I love to hear Greyson running through the house.  I hear those little chubby feet pitter patter from one end of the house to the other.  Along with the pitter patter is the baby chatter.  Wonderful sounds that are part of my day.

Those little feet leave footprints on the freshly mopped floor, and when he escapes from the bathtub without getting dried off, wet little footprints mark where he has been.  Footprints that will be mopped up, dried up, and soon forgotten.

It's the footprints on my heart that will never go away.  Grandkids open our hearts door, and just walk right in.  Pitter, patter, pitter, patter, little things that matter.

Words

That's it!  That's final!  I am going to write my own dictionary.  It's either do that, or finally give in and acknowledge that some words I've known since childhood just are not words.  At least not words that Mr Webster knew when he wrote the dictionary.  Mr Webster never met my family apparently, because my family knows words that Mr Webster doesn't know.

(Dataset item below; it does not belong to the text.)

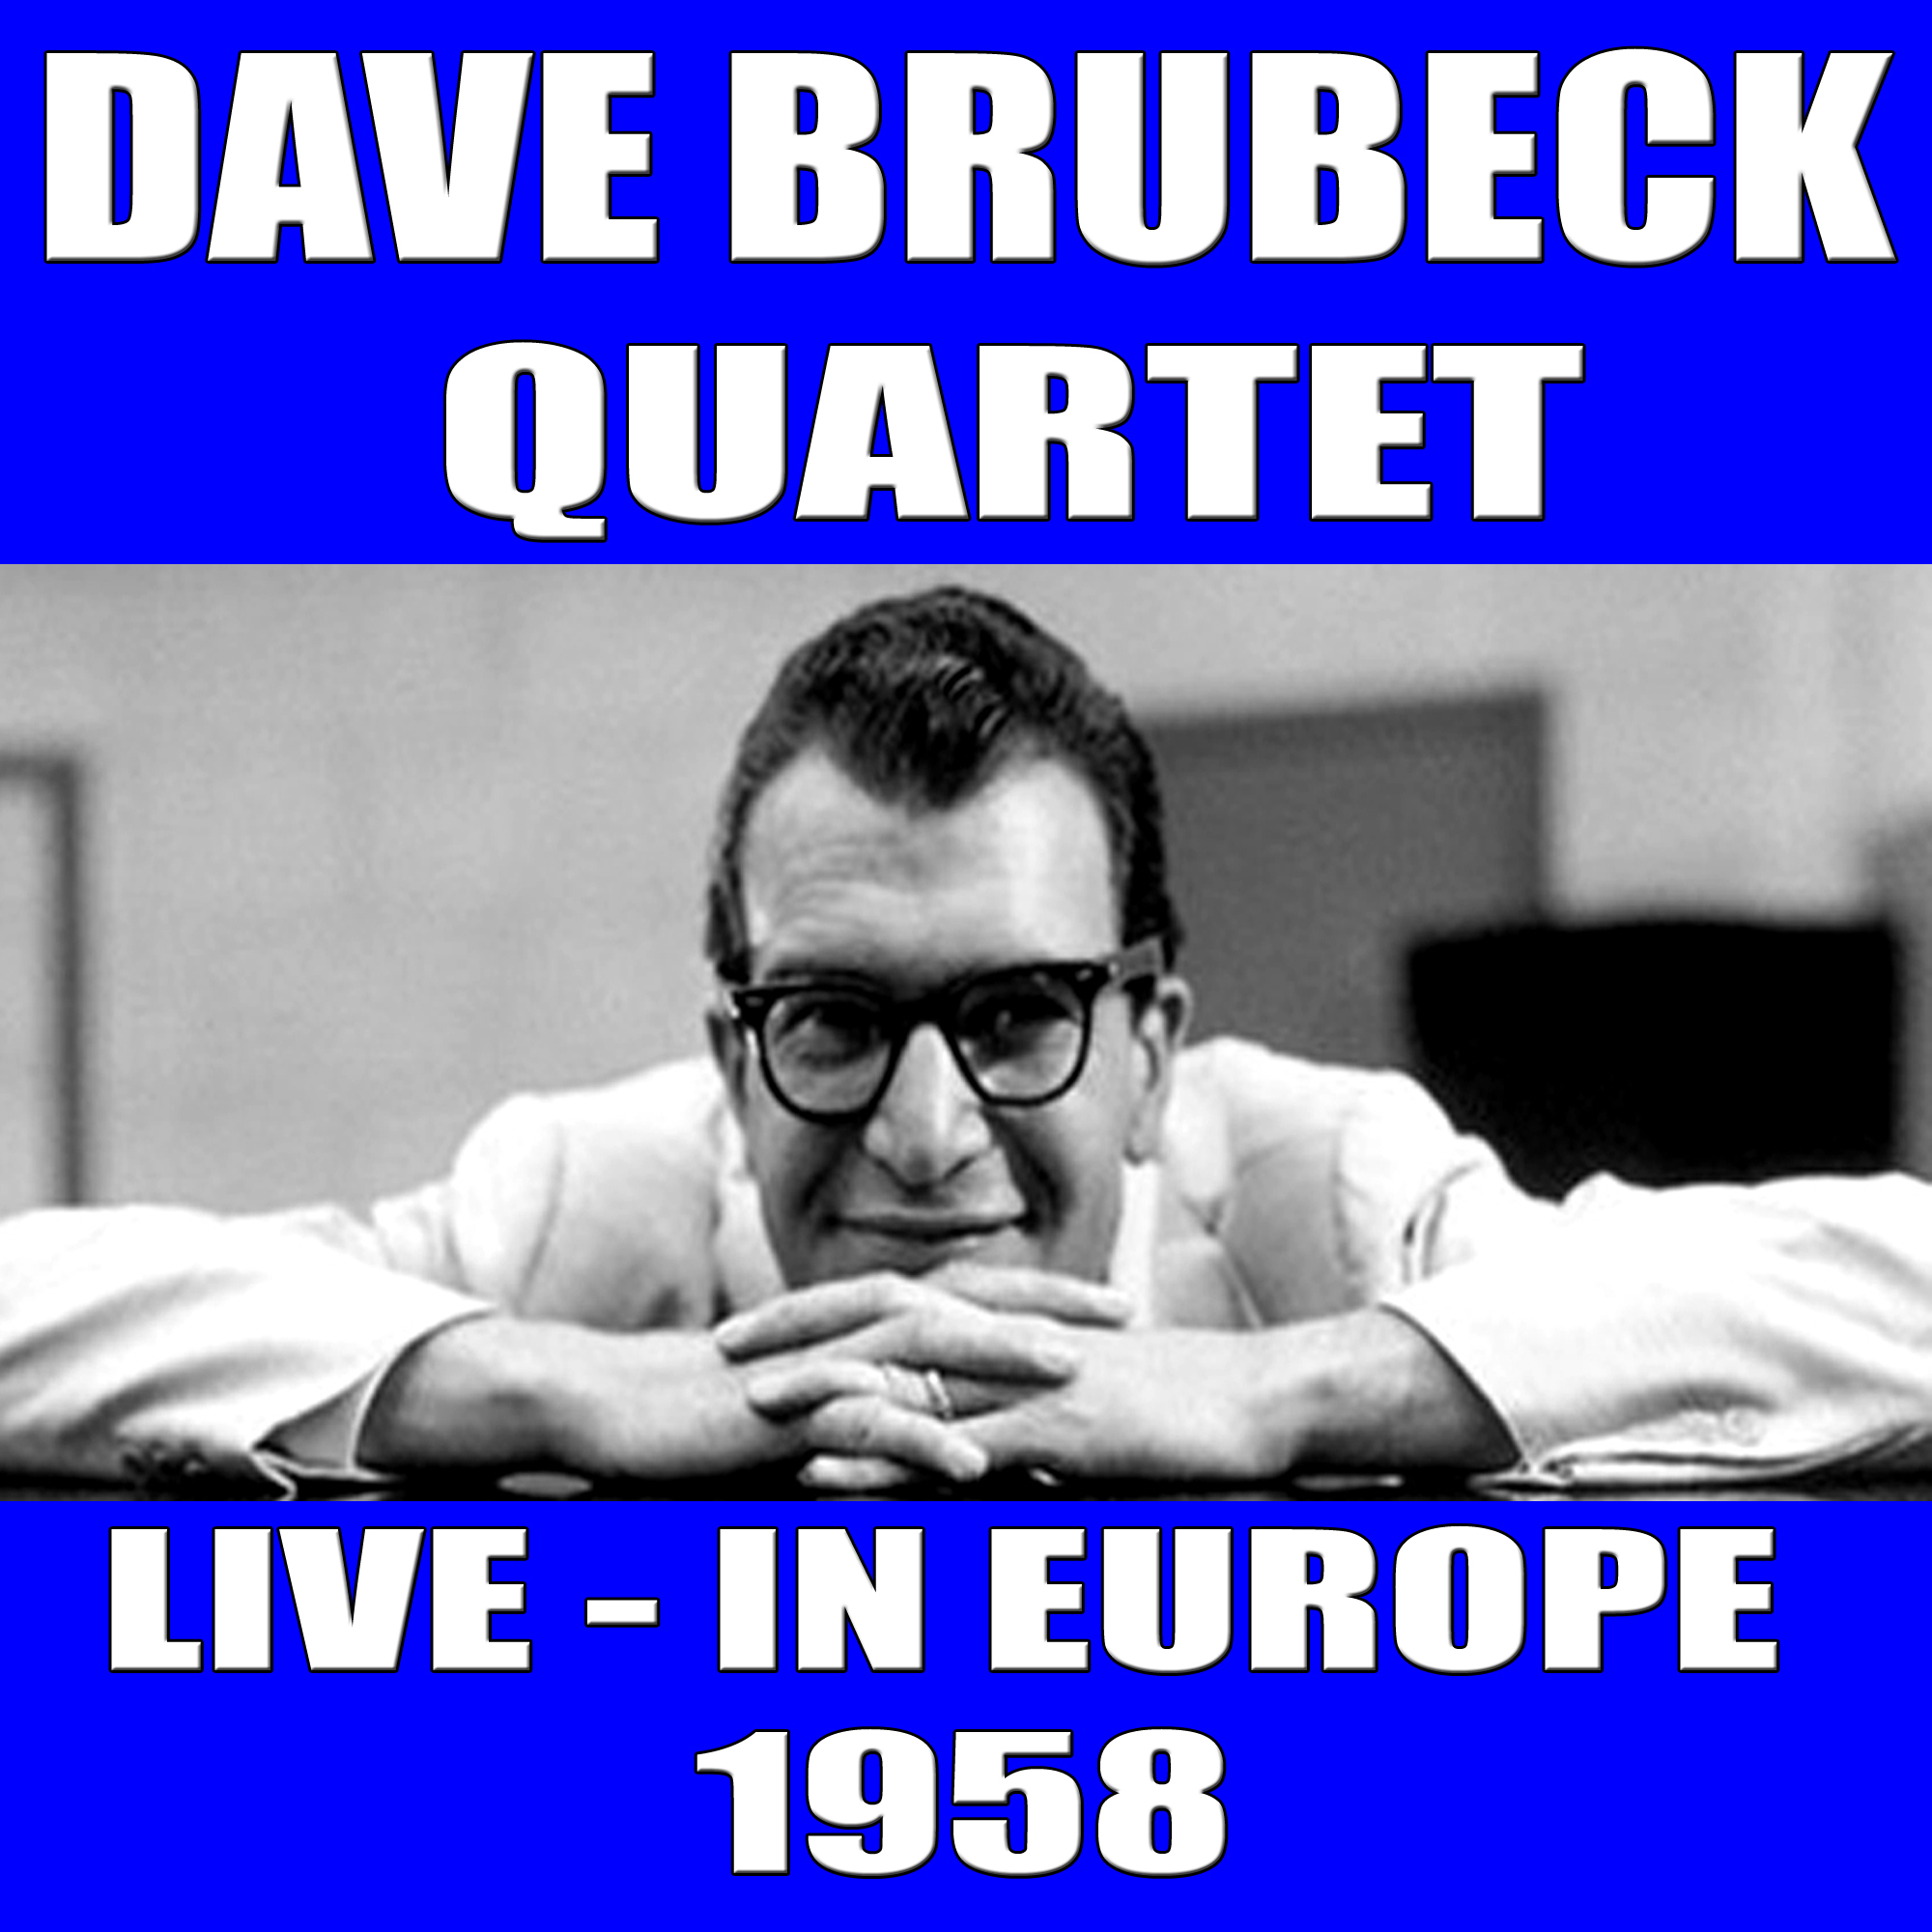 Dave Brubeck Quartet:Live in Europe 1958
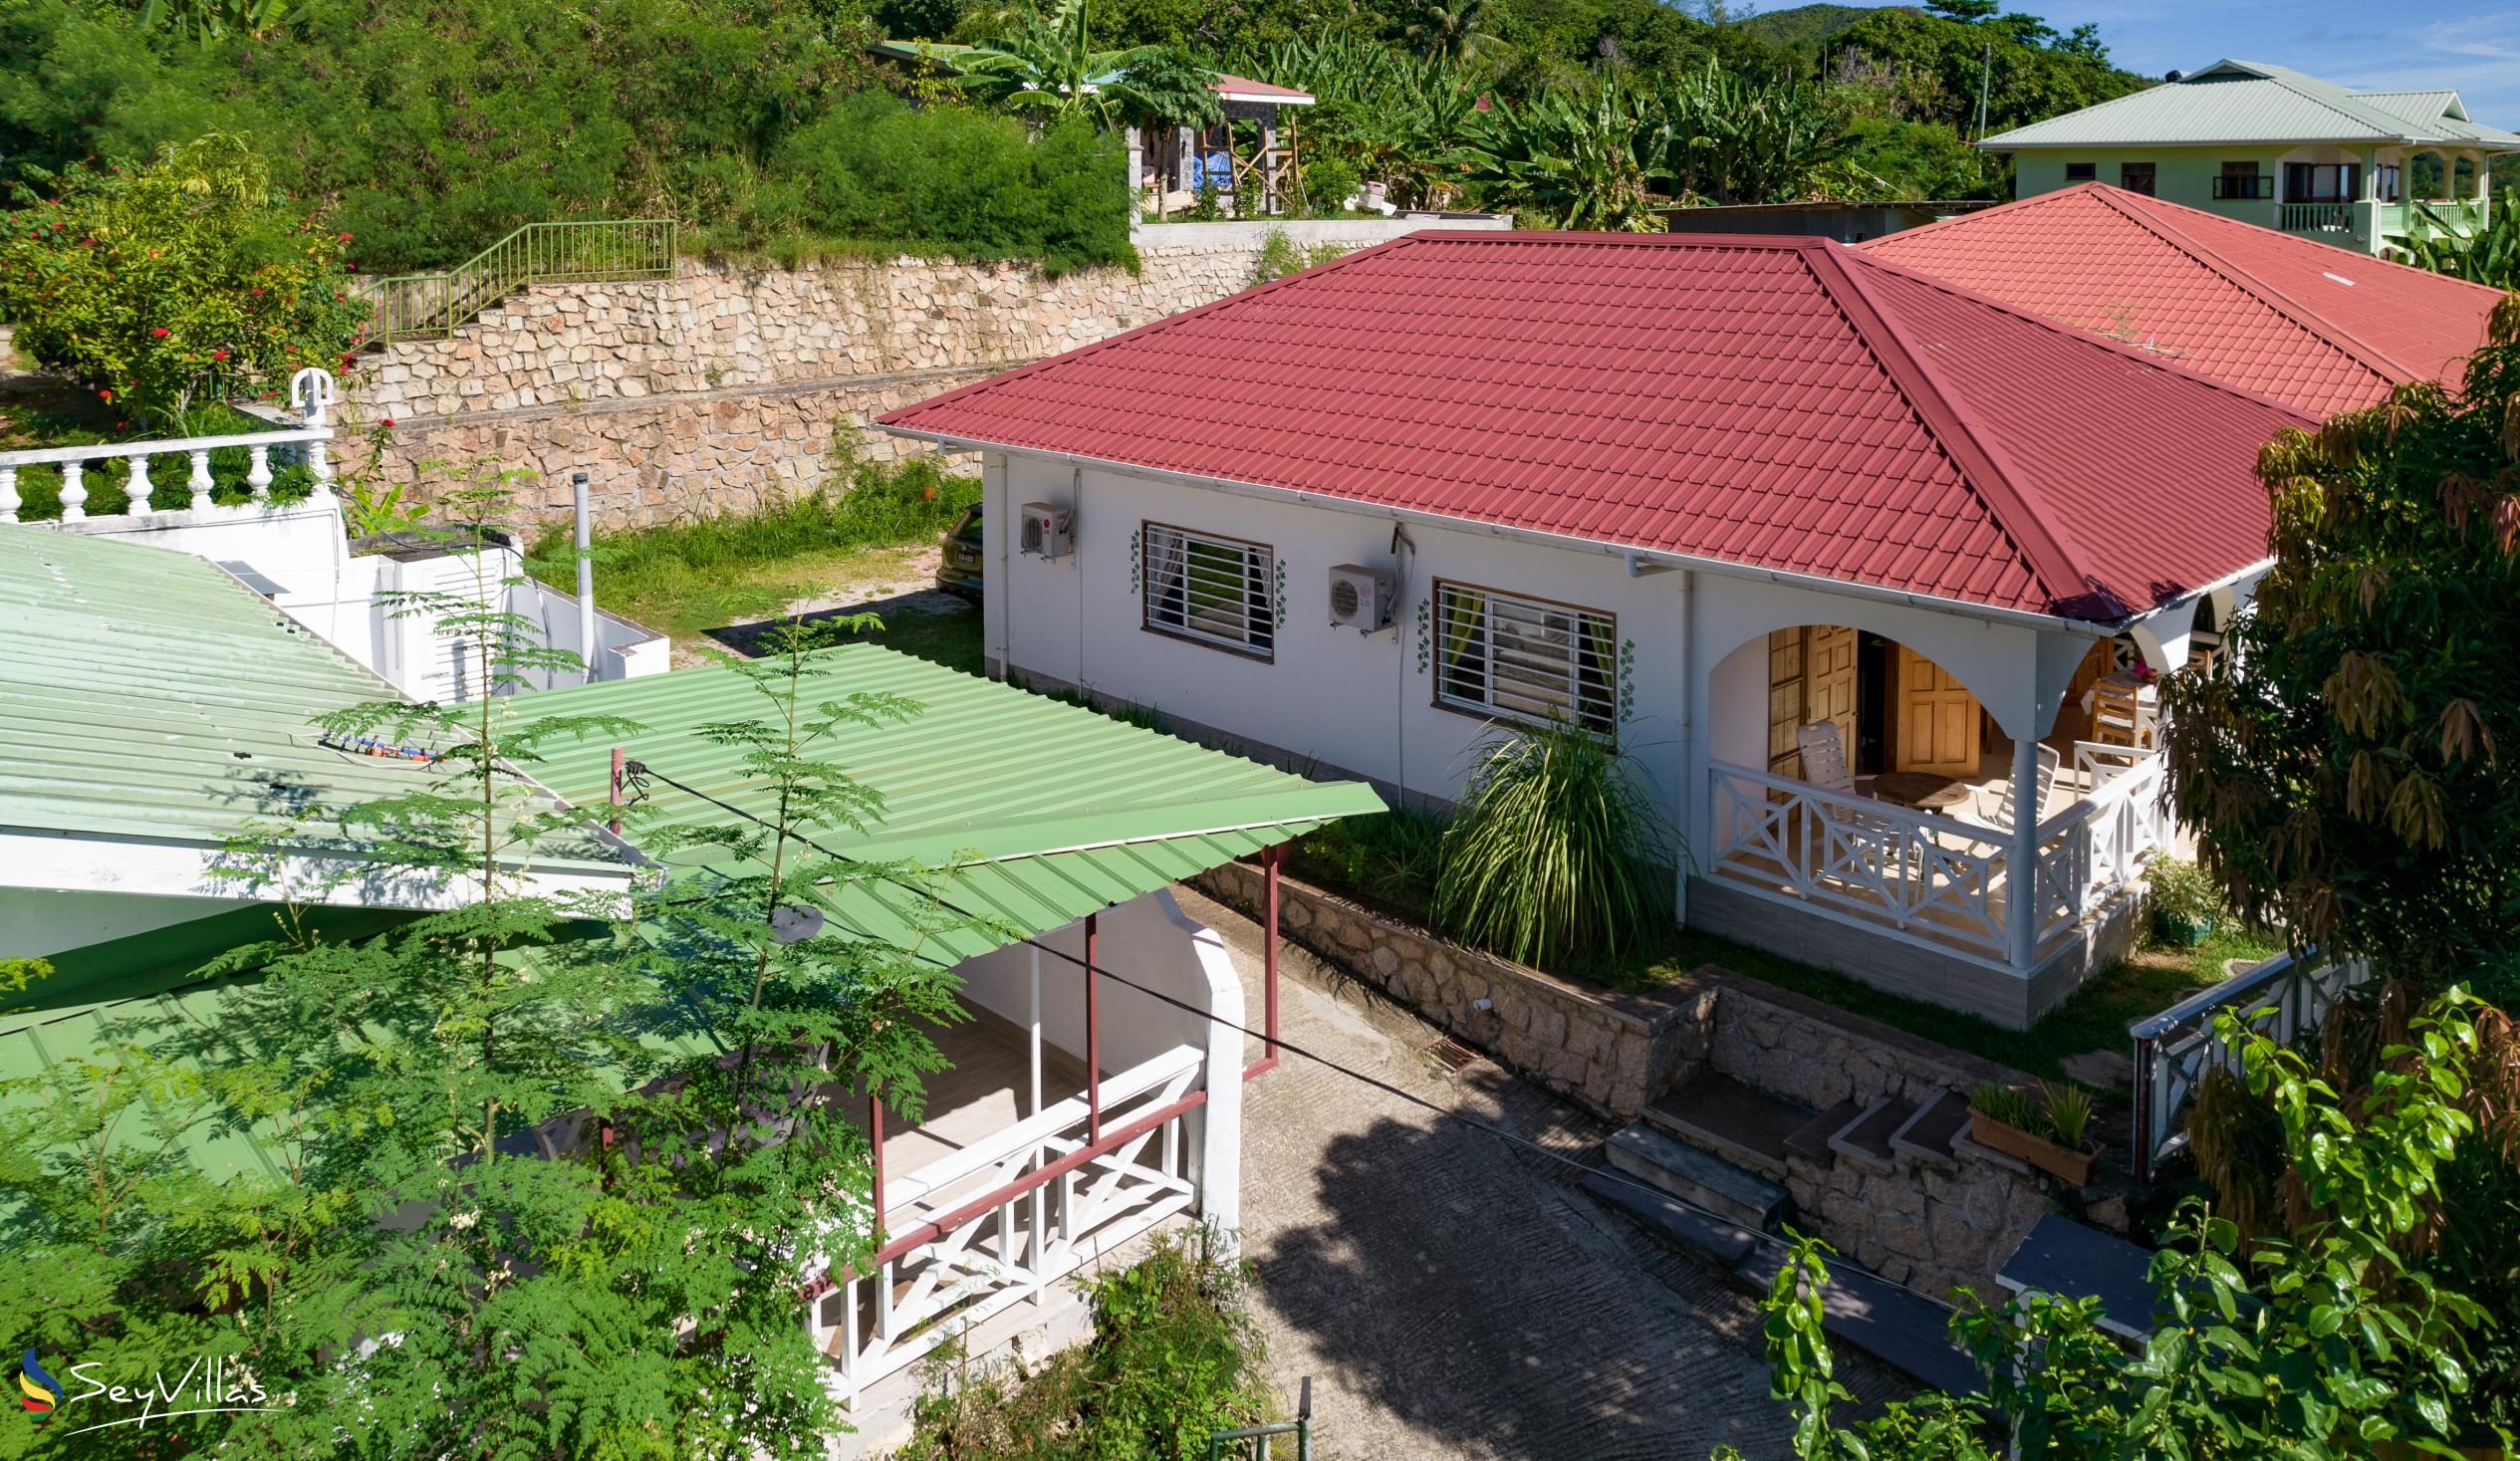 Foto 5: Baie Ste Anne Maison des Vacanze - Aussenbereich - Praslin (Seychellen)

We all know how the first dictionary was created.  Mr and Mrs Webster just kept talking, one word leading to another, and soon they had a book of words. They defined them all, submitted them to a publisher, the book was printed, and today we still refer back to Websters Dictionary.  The publisher, like the Websters, apparently didn't know my family either, because he/she left out a large quantity of words.

Some of these words that really are words, are not words that are recognized in the Scrabble and Words with Friends dictionaries.  That just frustrates me, because these are words that I have known my entire life.  Who do I need to talk to about getting these words in the book?